QIA also made headlines in 2016 when it acquired a 9.9% stake in the Empire State Realty Trust, the owner of the Empire State Building. The deal was valued at approximately $622 million. In 2014, Singapore’s sovereign wealth fund, GIC, partnered with Related Companies to acquire a 44% stake in the Time Warner Center for $1.3 billion. This investment in the mixed-use skyscraper, located in Columbus Circle, exemplified the strategic interest of Singaporean capital in premier NYC properties.

Shifts in Investment Patterns
Despite the positive contributions, the past few years have also highlighted significant challenges associated with foreign investment in NYC’s commercial real estate. One of the most notable trends has been the declining interest in traditional office spaces, which have historically been a favorite among international investors. The pandemic-induced shift towards remote work and the uncertainty surrounding the future of office spaces have led to a significant reduction in foreign investment in this sector, from 25% pre-pandemic to just 18% by 2024, as reported by Deloitte US. Office vacancies in Manhattan, for instance, climbed to 20.3% by mid-2024, further dampening foreign investor enthusiasm for this sector, according to financial services giant JP Morgan.
Geopolitical tensions, particularly between the U.S. and China, have also led to increased scrutiny and regulatory hurdles for foreign investors. Chinese investments, which once played a dominant role, have slowed considerably due to government-imposed capital restrictions and heightened regulatory oversight in the U.S. Additionally, the rising interest rates and economic uncertainties in 2024 have posed further challenges, making it more difficult for foreign investors to justify the high costs associated with NYC real estate. The shift towards secondary markets and alternative asset classes like industrial properties also reflects a broader trend of diversification away from traditional gateway markets like New York City.

Adapting to Global Trends
The period from 2020 to 2024 has been one of both resilience and transformation for New York City’s commercial real estate market. While the city has continued to attract significant foreign capital, the nature and focus of these investments have shifted in response to global trends and local challenges. The growing preference for industrial and multifamily properties highlights the adaptability of international investors, who are increasingly seeking opportunities that align with emerging economic realities and sectoral strengths.
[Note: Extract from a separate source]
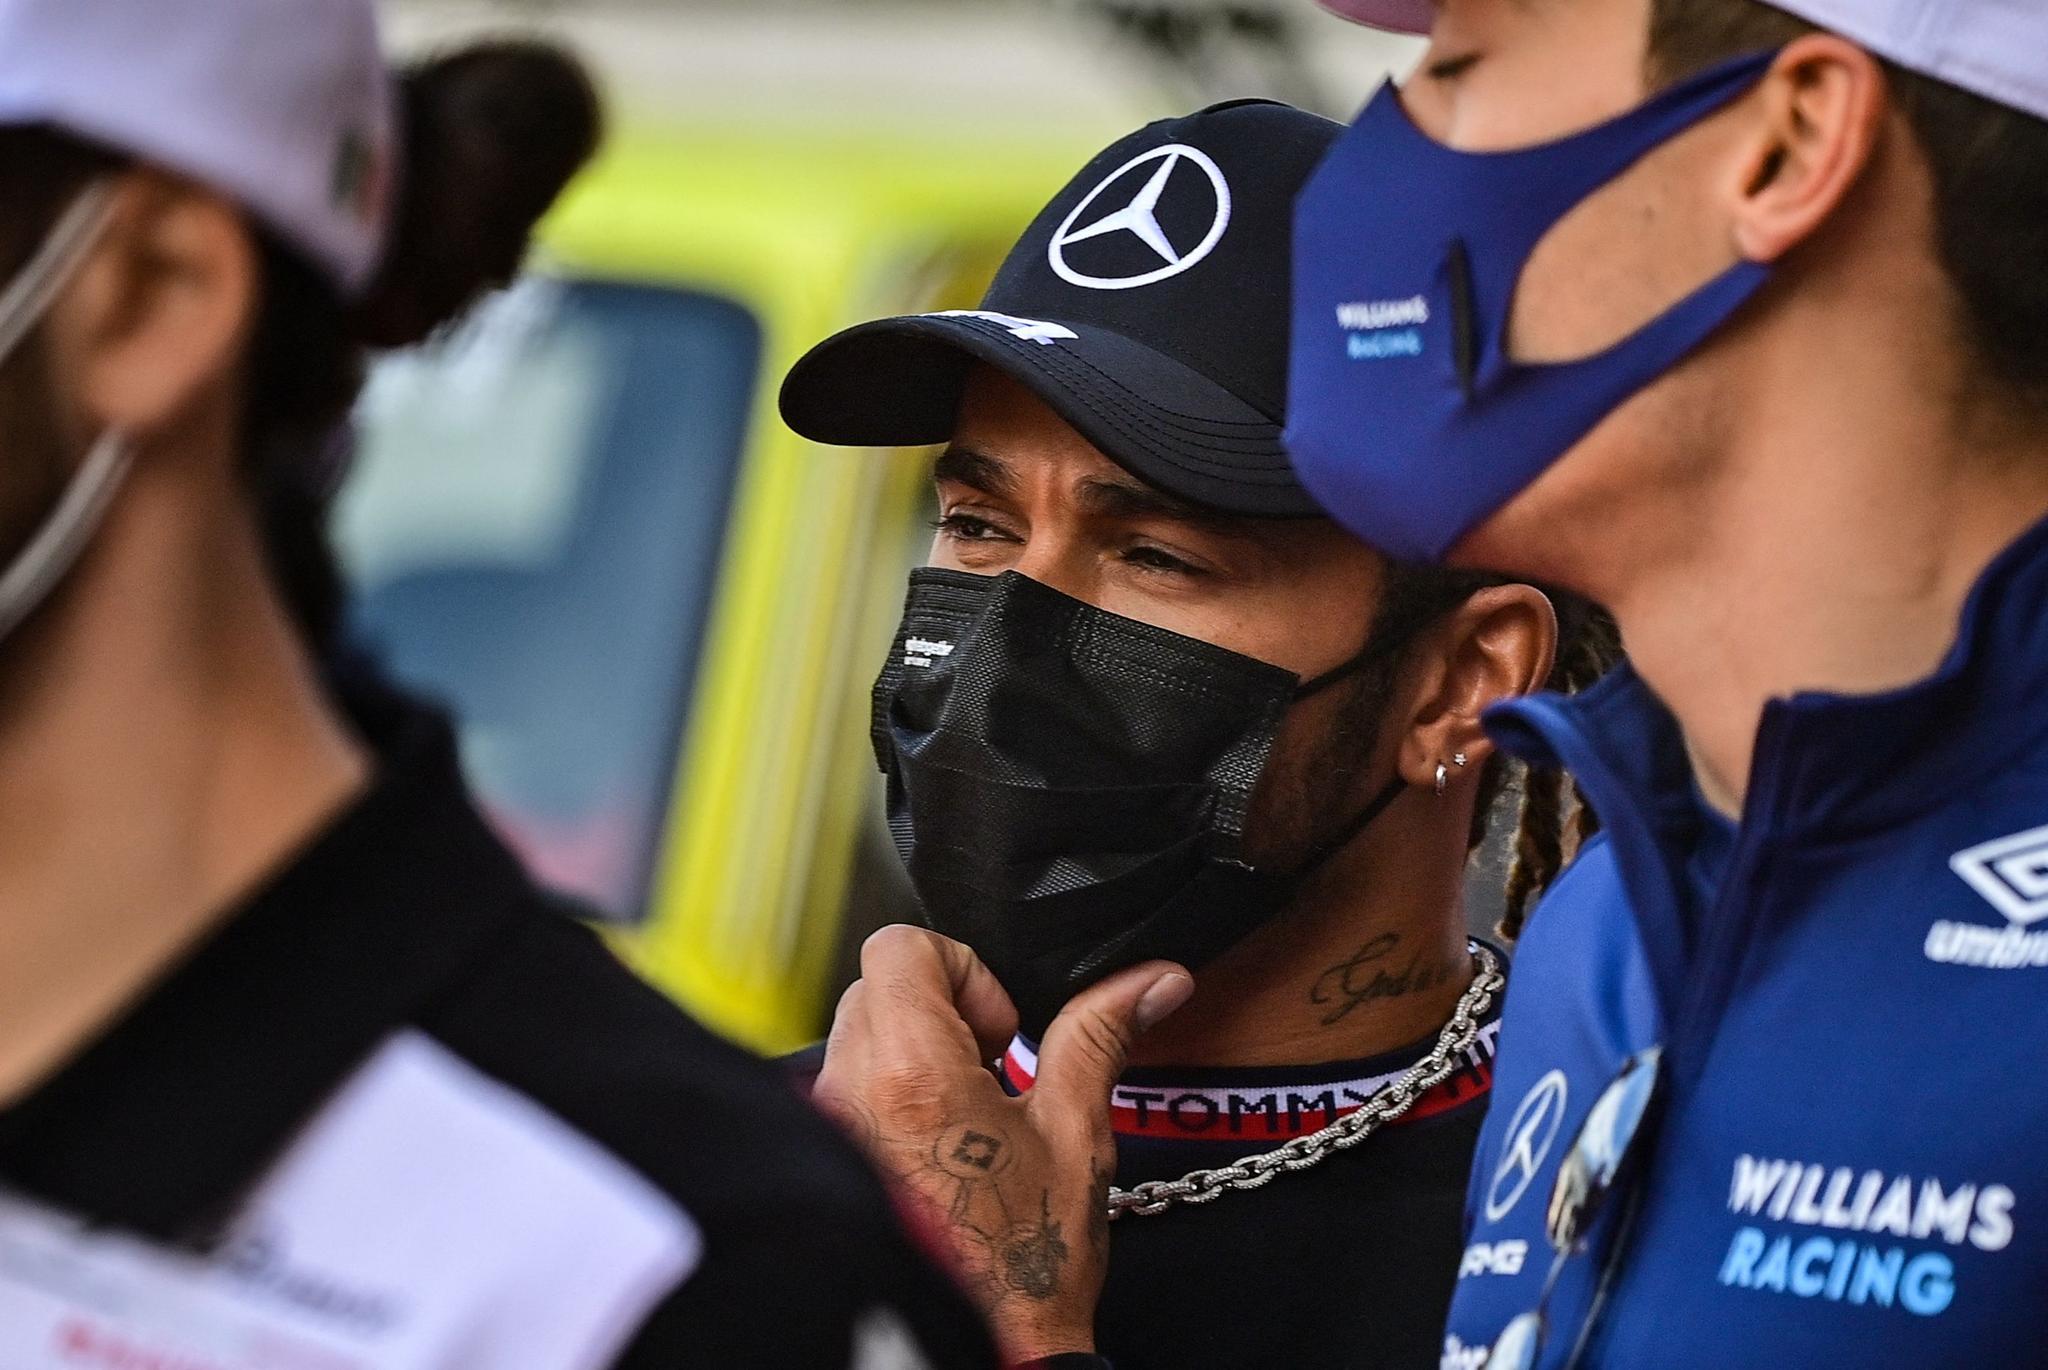 VINNER OG TAPER SOM ET LAG: Lewis Hamilton sier Mercedes ikke tar lett på fiaskoen i Monaco.
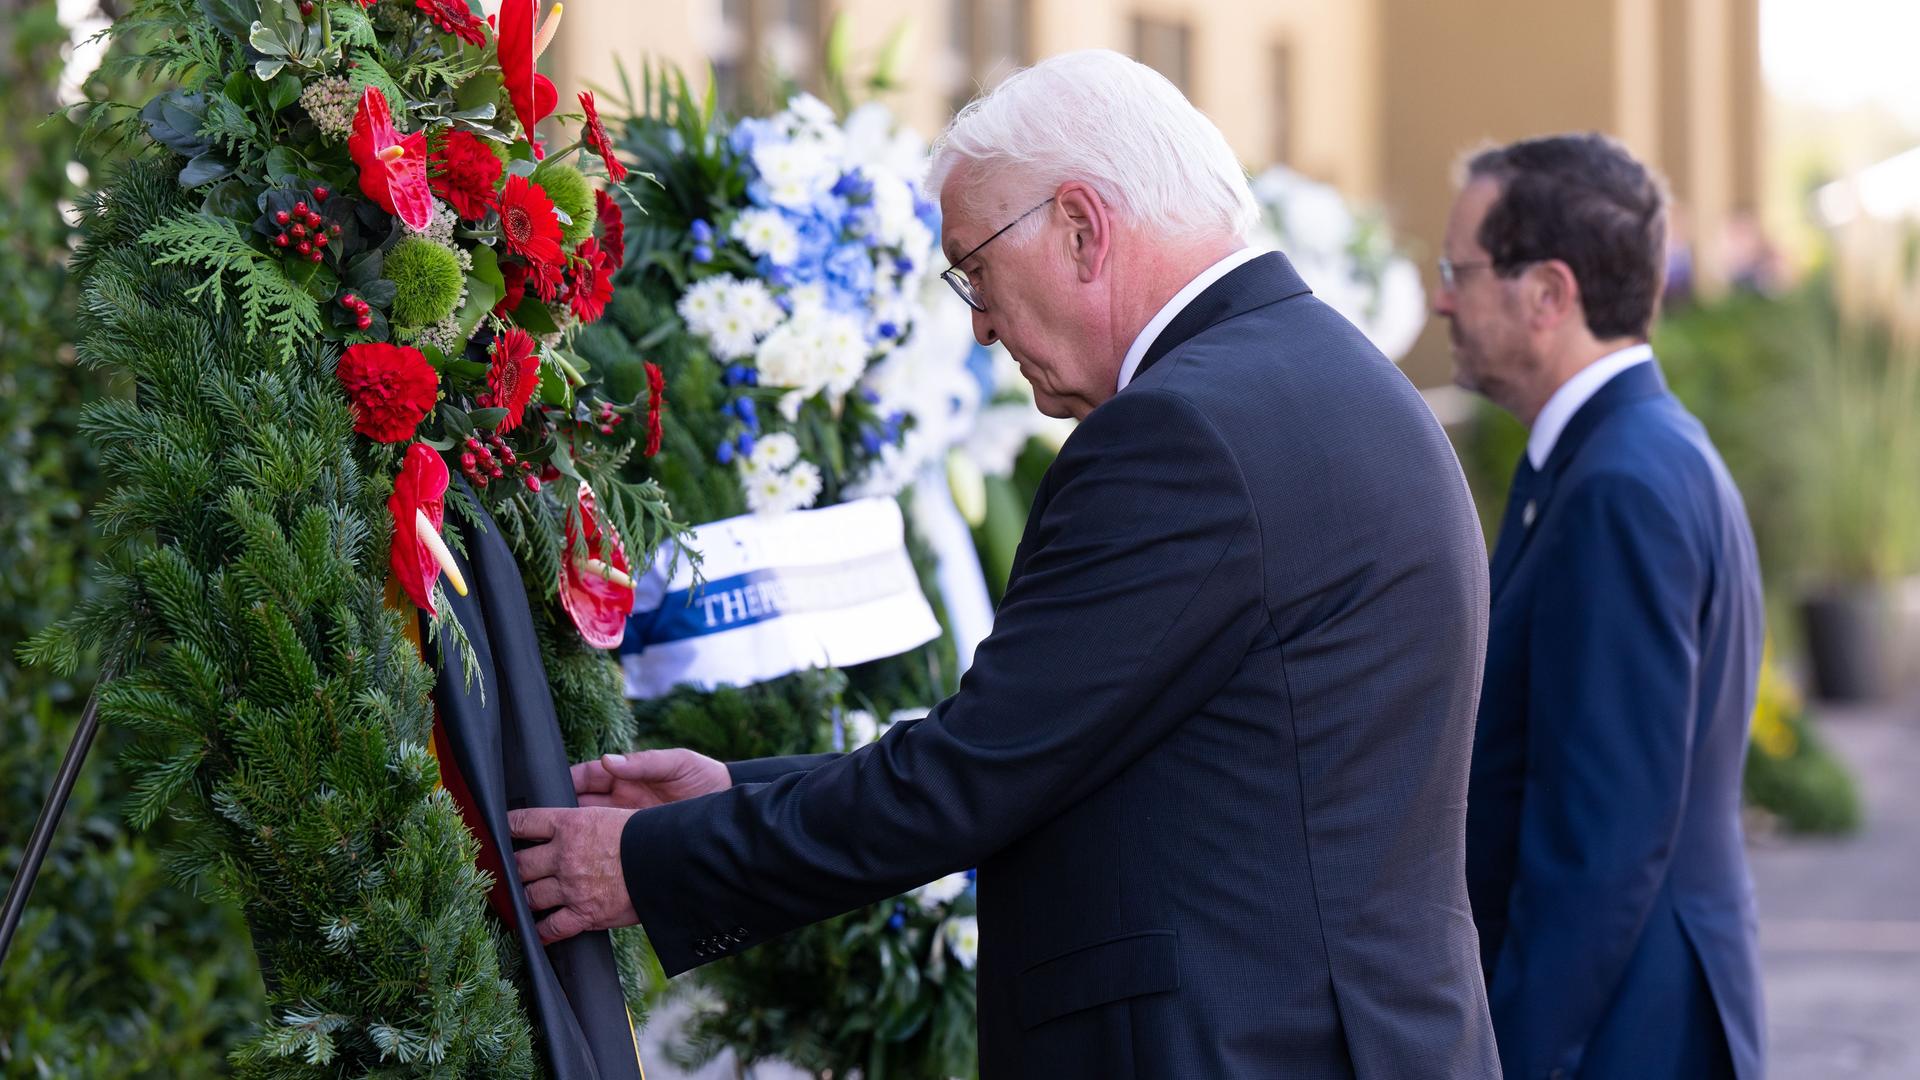 Bundes-Präsident Steinmeier und der israelische Staats-Chef Herzog stehen mit gesenktem kopf vor Blumen-Kränzen.

Looking ahead, the role of foreign investment in NYC’s commercial real estate will likely continue to evolve. As the city navigates the post-pandemic landscape, maintaining its appeal to international investors will be crucial. This will require addressing the challenges associated with office vacancies, regulatory complexities, and the broader economic environment. Nonetheless, the foundational strengths of New York City as a global financial center and its ability to attract capital from around the world remain robust, ensuring its continued prominence in the international real estate market.